Jess Baddams, paramedic, holds a blood sample as she poses for a photograph during an antibody testing program at the Hollymore Ambulance Hub, in Birmingham, England, on Friday, June 5, 2020. Making antibody tests widely available may help Britain lift its lockdown restrictions, because they show who has already had the COVID-19 and might have a degree of immunity from coronavirus. (Simon Dawson/Pool via AP)

Three months ago, humanity was worried about everything but not about a virus called Covid-19, or as it is known socially the Coronavirus.  The events that marked the global agenda 90 days ago were overshadowed after its appearance. 

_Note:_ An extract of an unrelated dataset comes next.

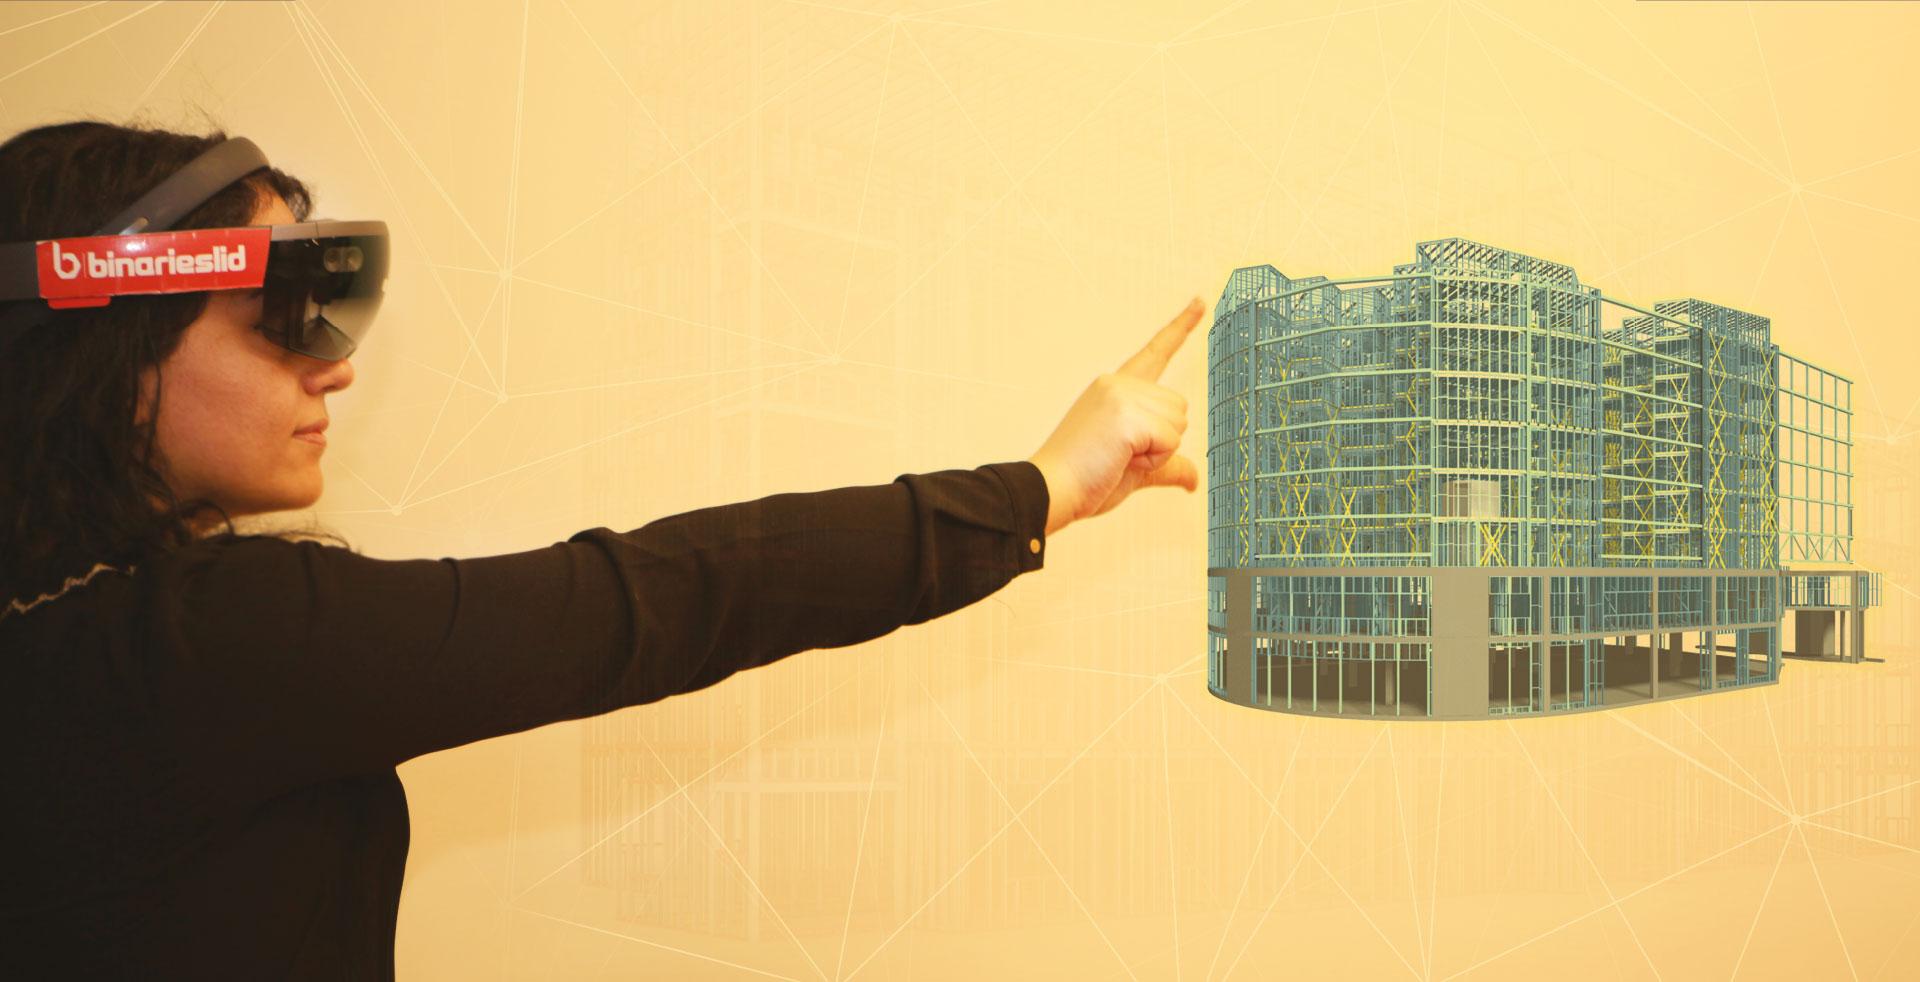 buildwagon — HoloLens Development Platform

In one hand, the Americans were beholding the way the former vice-president, Joe Biden, the progressist senator, Bernie Sanders, and the senator for Massachusetts, Elizabeth Warren, from the same left-wing that his collague, were fighting to get the nomination and to face President Trump in the next elections late this year. In the other hand, the Europeans were dealing with the divorce between EU and Uk after more than three years of negotiations, and at the same time, they were looking for a new identity by the hand of the new president of the European Commission, Ursula Von der Leyen, to address and reduce the increasing nationalist movements that were threatening get Europe broken in many pieces. At the same time, Middle East was waiting for Netanyahu’s plan to annex the West Bank, waving the anger of all the Muslim countries that surround the Jewish State. And last, but not least, Xi Jinping pursued to bring down the Hong Kong autonomy, including the idea of “one country, two systems”, (which nowadays it was achieved due to the new law that permits to extradite people from the Special Administrative Region to Bejing to stand trial by any action that is against the Government), to take full control of China and to establish the communists, and moreover, to hide and minimize what it was going on in Wuhan.